INPUT MATERIAL:
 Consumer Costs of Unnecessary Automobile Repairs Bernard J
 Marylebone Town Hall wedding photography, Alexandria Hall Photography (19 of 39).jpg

==

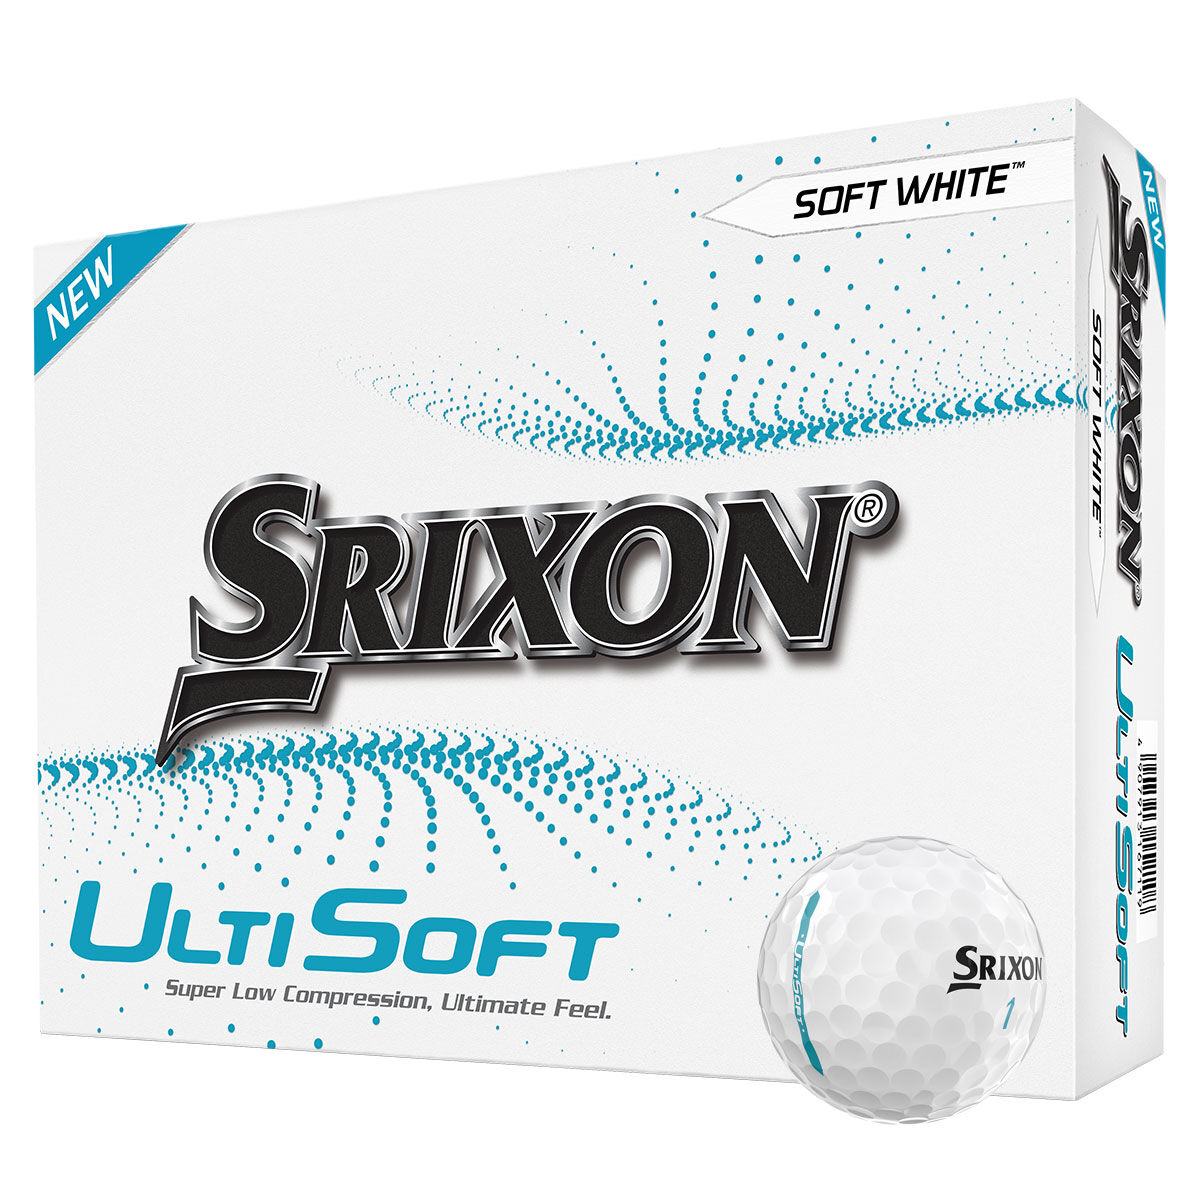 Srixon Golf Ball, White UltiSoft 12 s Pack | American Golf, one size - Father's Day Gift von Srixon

ASSIGNMENT: Write out exactly the lines above between the line with "Consumer Costs of" and the line with "Marylebone Town Hall", inclusive, and nothing beyond them.

TASK RESULT:
 Consumer Costs of Unnecessary Automobile Repairs Bernard J
 Marylebone Town Hall wedding photography, Alexandria Hall Photography (19 of 39).jpg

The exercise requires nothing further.